• **TASK REQUIREMENTS**: Output all of the data below without changing a word, and exclude the pictures.

COLLECTED DATA section start

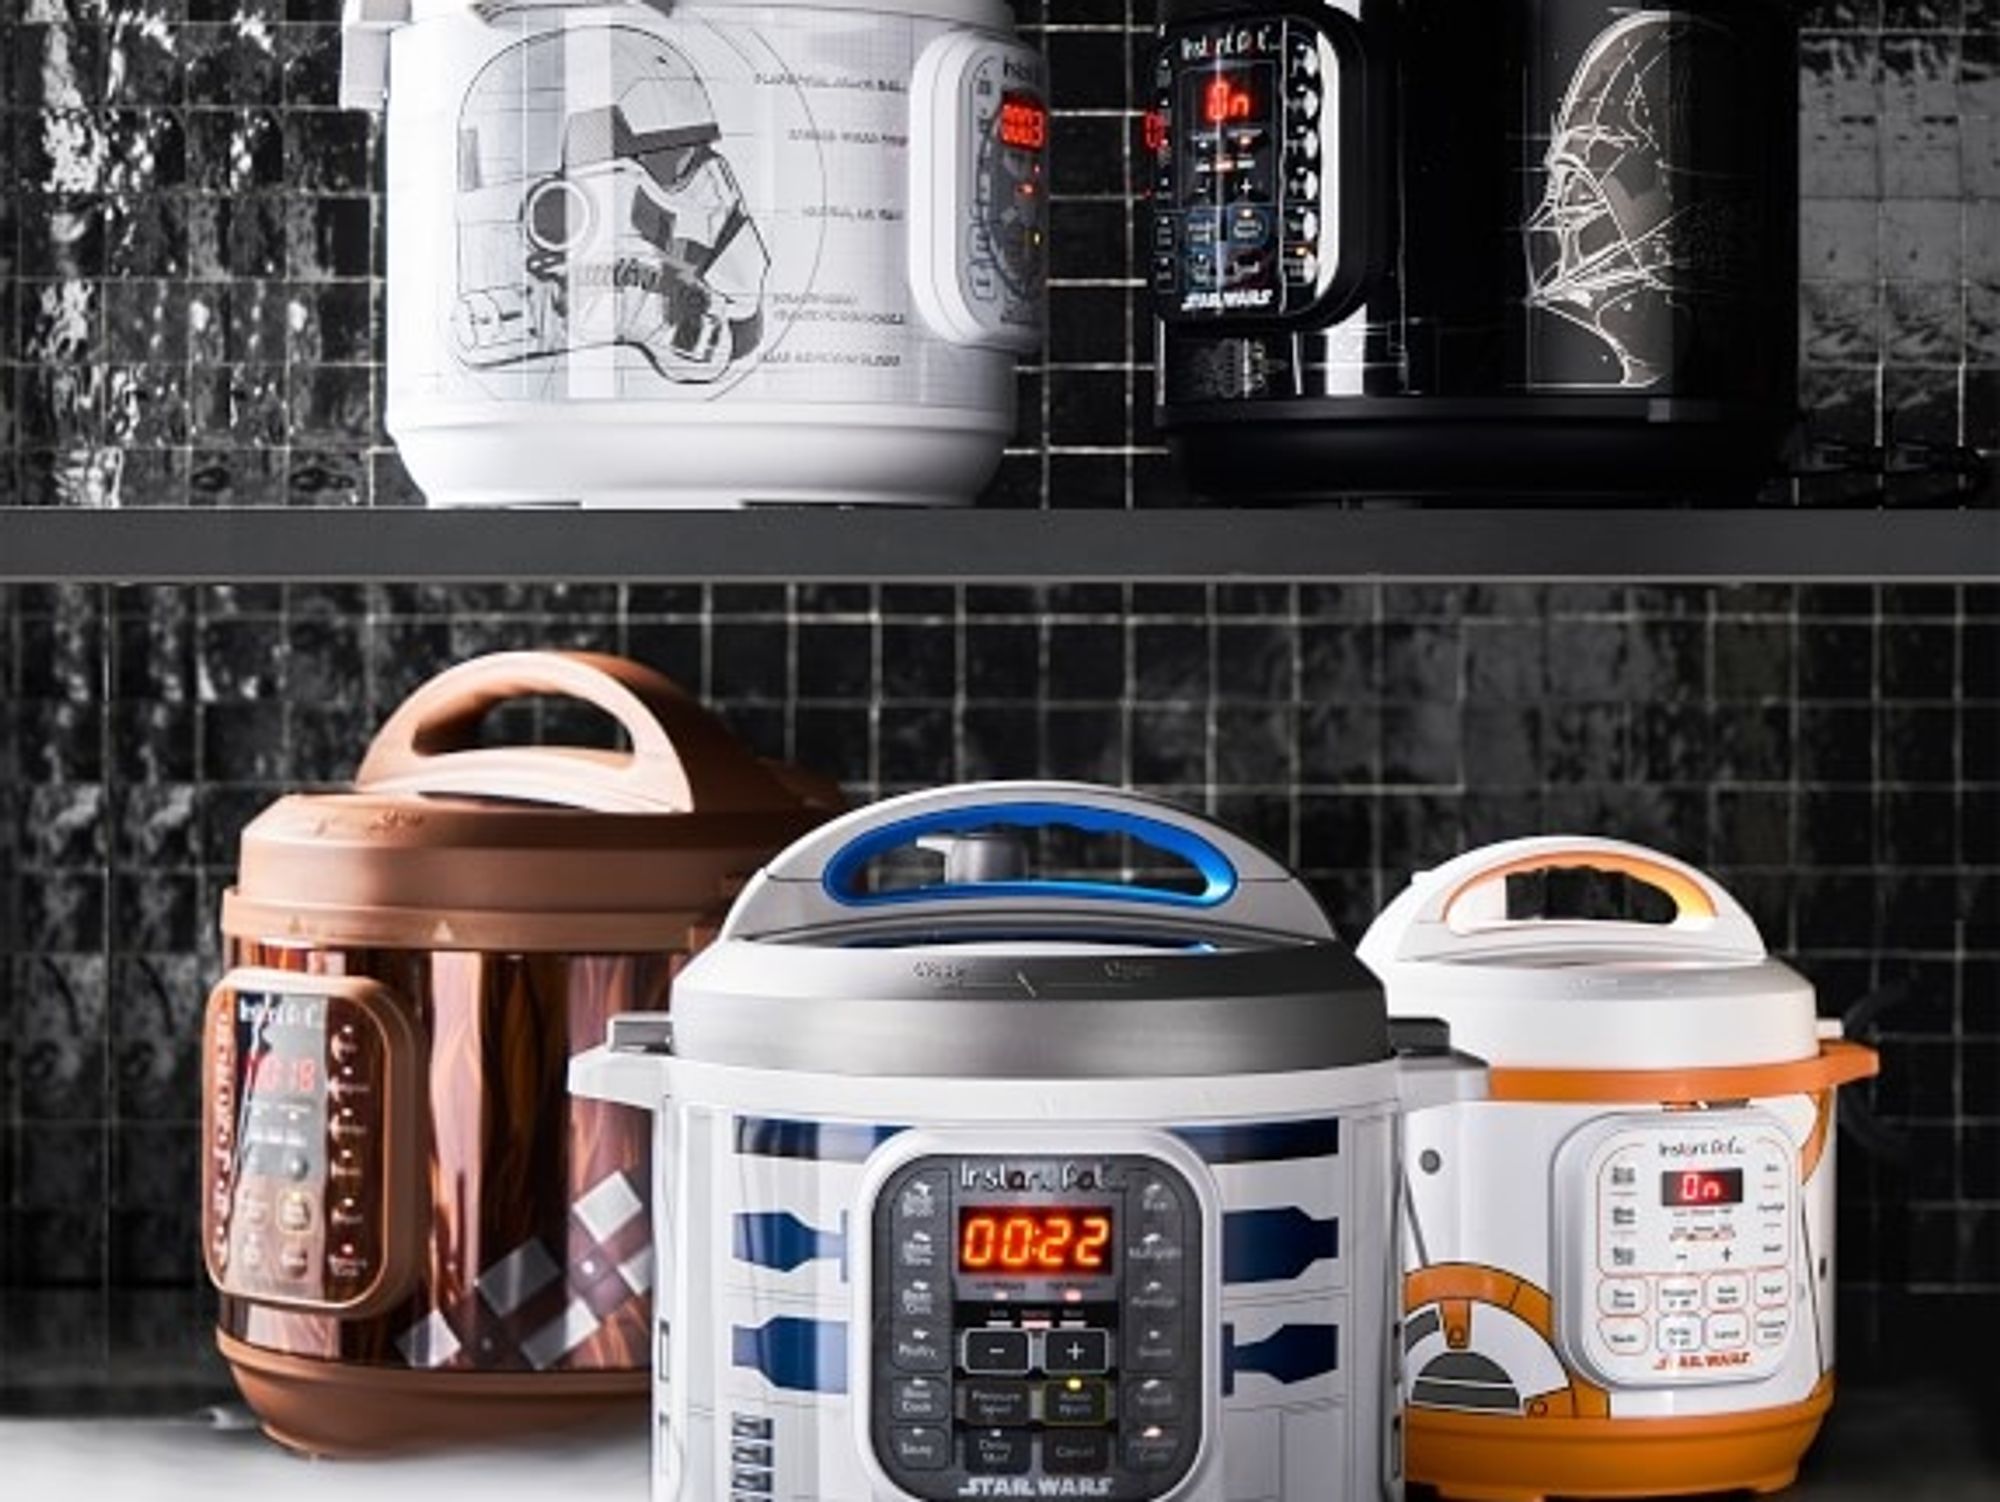 Star Wars Instant Pots hit an all-time low just ahead of May the 4th
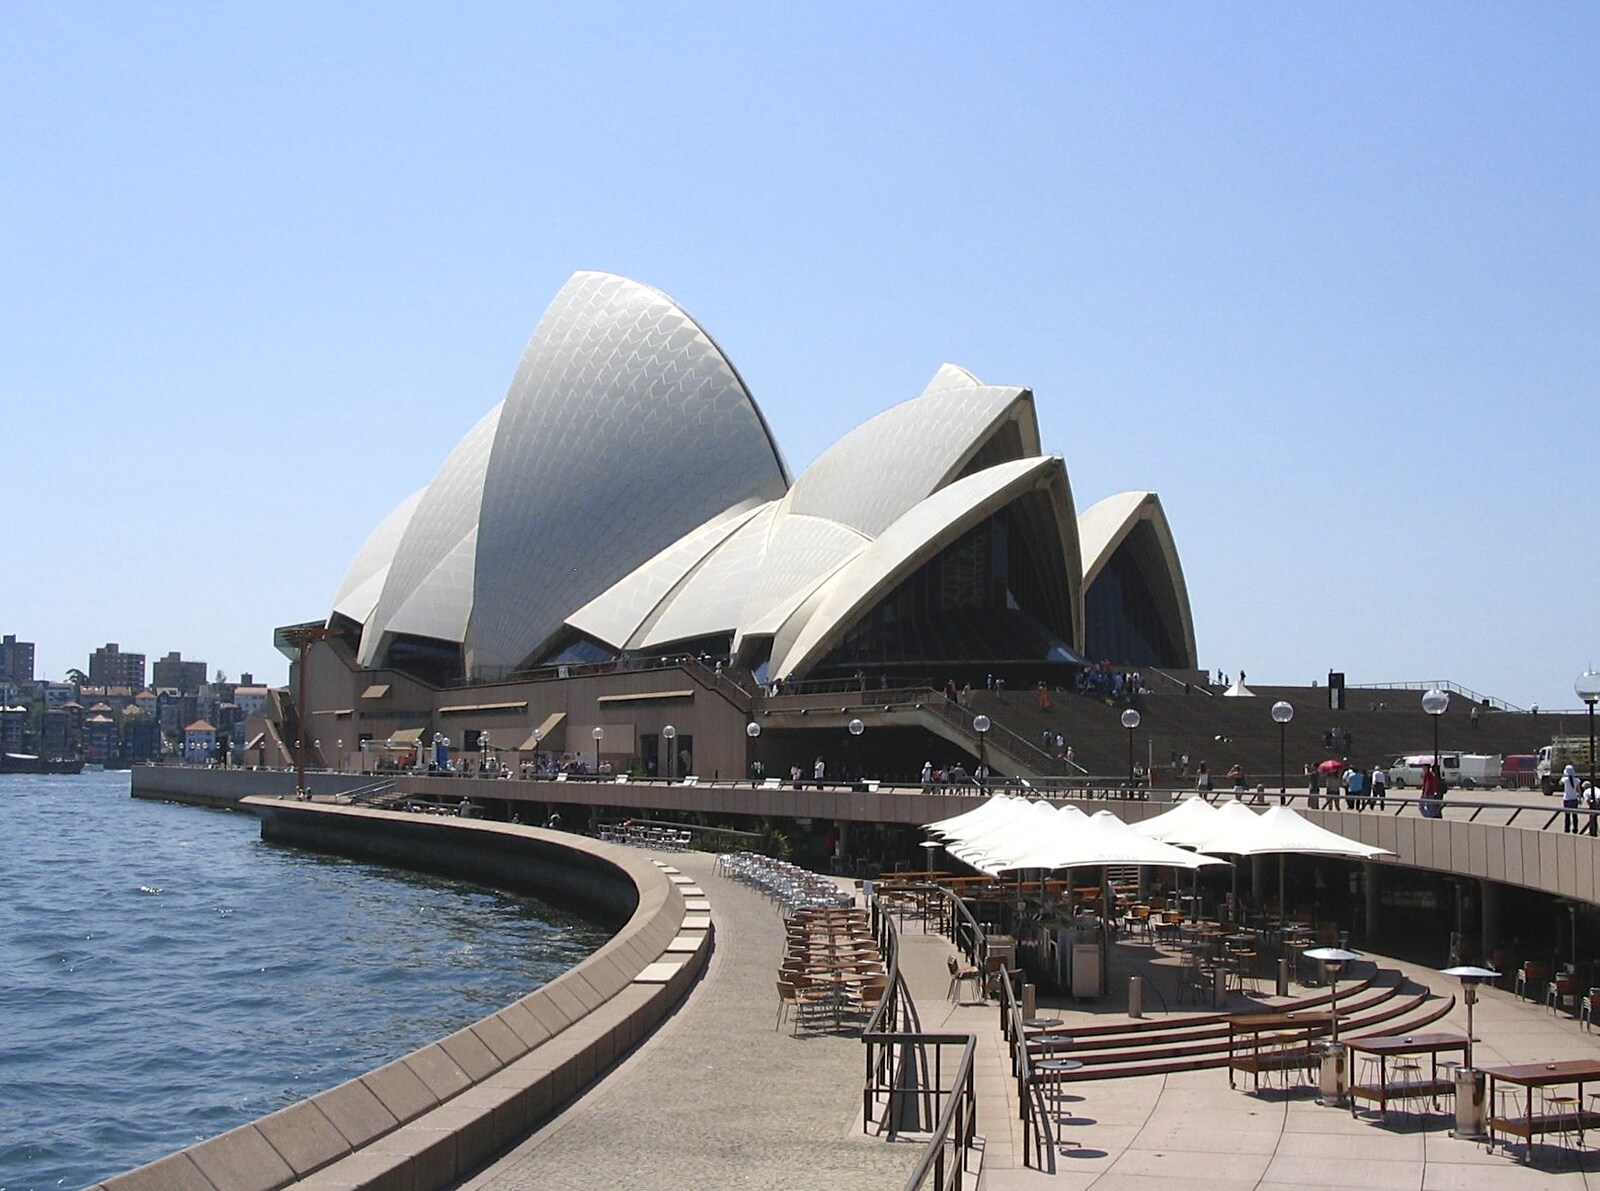 The Opera House from Sydney, New South Wales, Australia - 10th October 2004
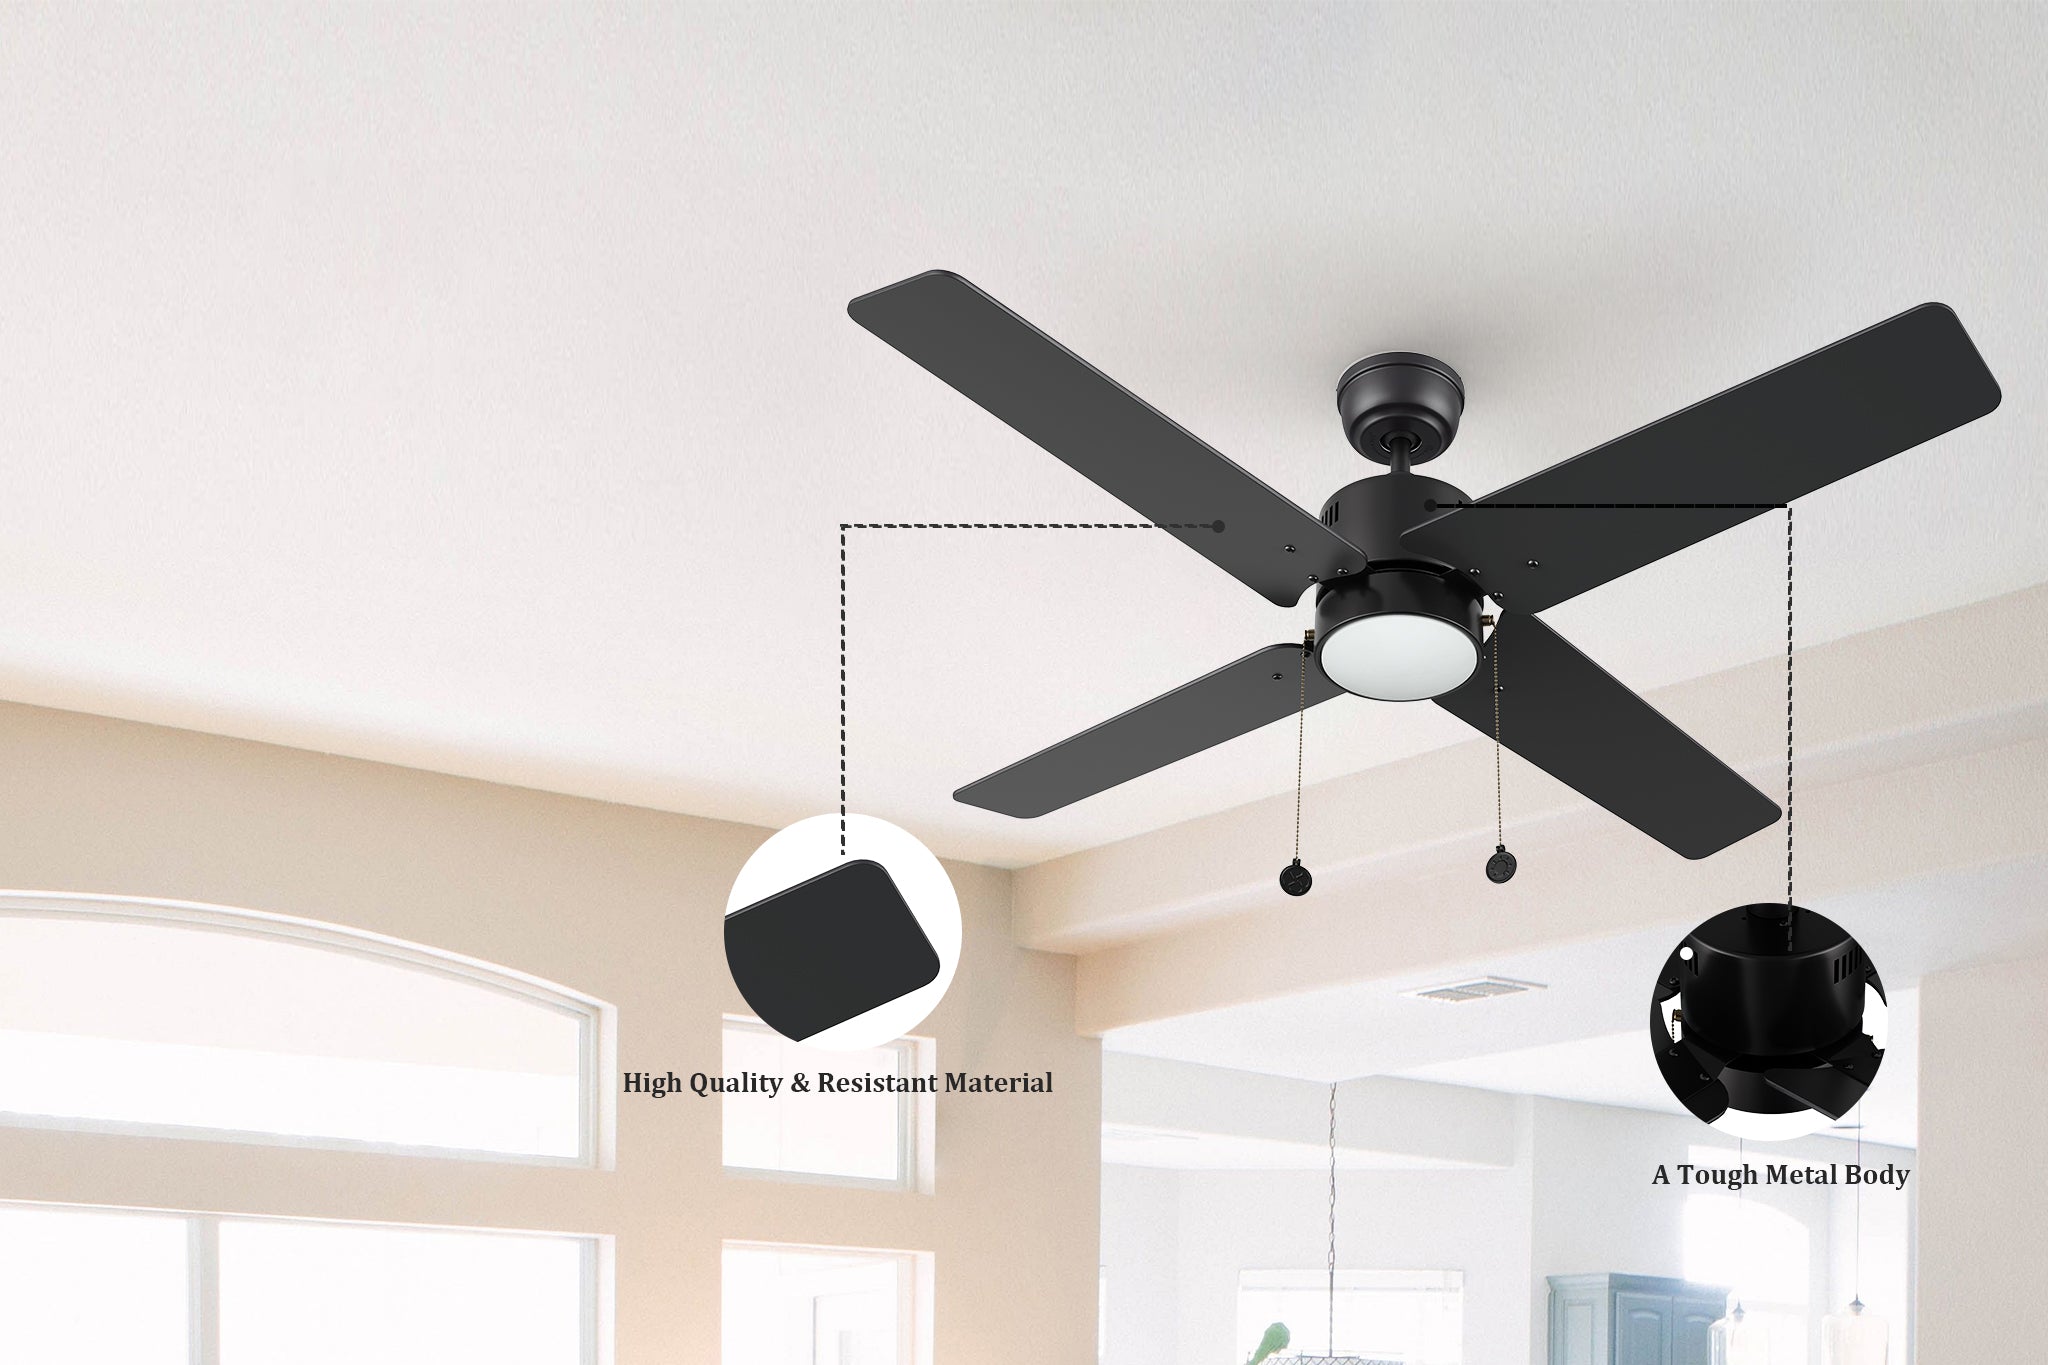 Black ceiling fan with light and high-quality sleek black finish with plywood blades.

COLLECTED DATA section end

• **RESULT FOR THIS EXERCISE**:
 Star Wars Instant Pots hit an all-time low just ahead of May the 4th
 The Opera House from Sydney, New South Wales, Australia - 10th October 2004
 Black ceiling fan with light and high-quality sleek black finish with plywood blades.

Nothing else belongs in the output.